The difference between joint, several, and joint and several liability

The implications of ‘joint’, ‘several’ and ‘joint and several’ liability are an important consideration for contract drafting, corporate structures and various agreements. A clear understanding of each of these concepts is important prior to entering into any arrangement that gives rise to obligations and/or liabilities.

These concepts are particularly relevant to instances where two or more parties make a promise to a third party to perform under a contract and consequently become liable for that performance.

As a means of interpretation, we will use a simple example of where Party 1 and Party 2 make a contractual promise to repay a loan to a creditor.

Joint liability

Using the above example, the agreement may stipulate that Party 1 and Party 2 are ‘jointly liable’ for repayment of the loan. Here, both parties will be liable for full repayment of the loan, although if either party satisfies the repayment, the other party’s liability will be fully discharged.

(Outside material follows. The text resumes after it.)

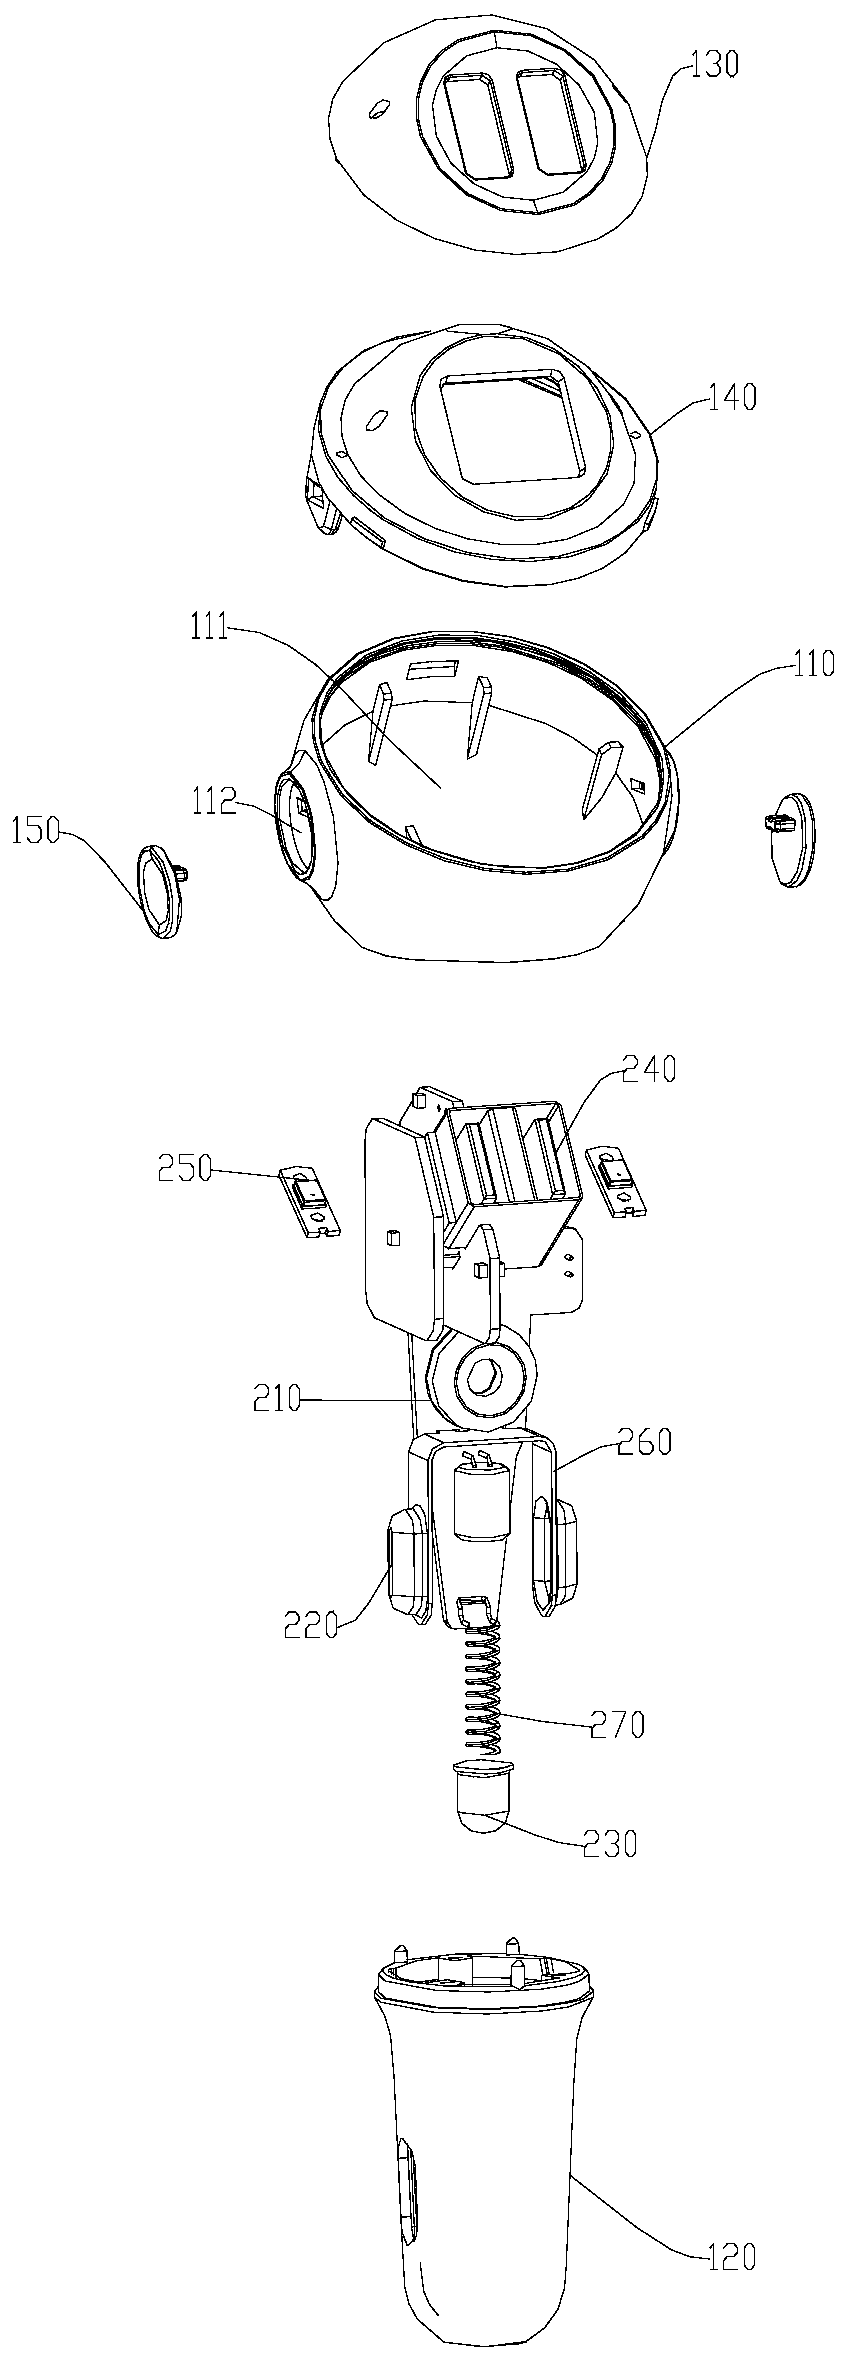 Vehicle-mounted robot and vehicle

If there is a default, the creditor will be entitled to pursue an action against both Party 1 and Party 2 jointly, however, it may have difficulty initiating an action against one party if the other is not joined as a party to the legal proceedings.

Several liability

Conversely, the agreement may state that Party 1 and Party 2 are ‘severally liable’ for repayment of the loan. In these circumstances the parties liability will be divided between them such that Party 1 will be liable for a certain portion of the loan and Party 2 will be liable for the remainder. Here, the parties will only be liable for the portion they promised and if Party 1 fulfils its obligations, this will have no impact on Party 2’s liability for their portion.

The creditor may only bring action against the parties separately and individually for their respective portions of the loan.

Joint and several liability

Joint and several liability captures both scenarios together. Using the same example as above, the agreement may provide that Party 1 and Party 2 are both ‘jointly and severallyliable. This means that both parties have undertaken to repay the loan jointly, as well as made separate undertakings to repay the full amount individually. If one party repays the loan entirely this will discharge both parties liabilities.

In the event of a default, the creditor will have the option of joining both parties together to the proceedings or pursuing either party individually for the full amount. This may be beneficial for the creditor as it reserves the right to all options for seeking repayment.

If Party 1 or Party 2 makes full repayment of the loan individually, it may then choose to recover some of this amount from the other party separately.

Important considerations

  • Ensure that any contracts that imposes obligations and/or liabilities are clear with respect to where the liability of each party falls.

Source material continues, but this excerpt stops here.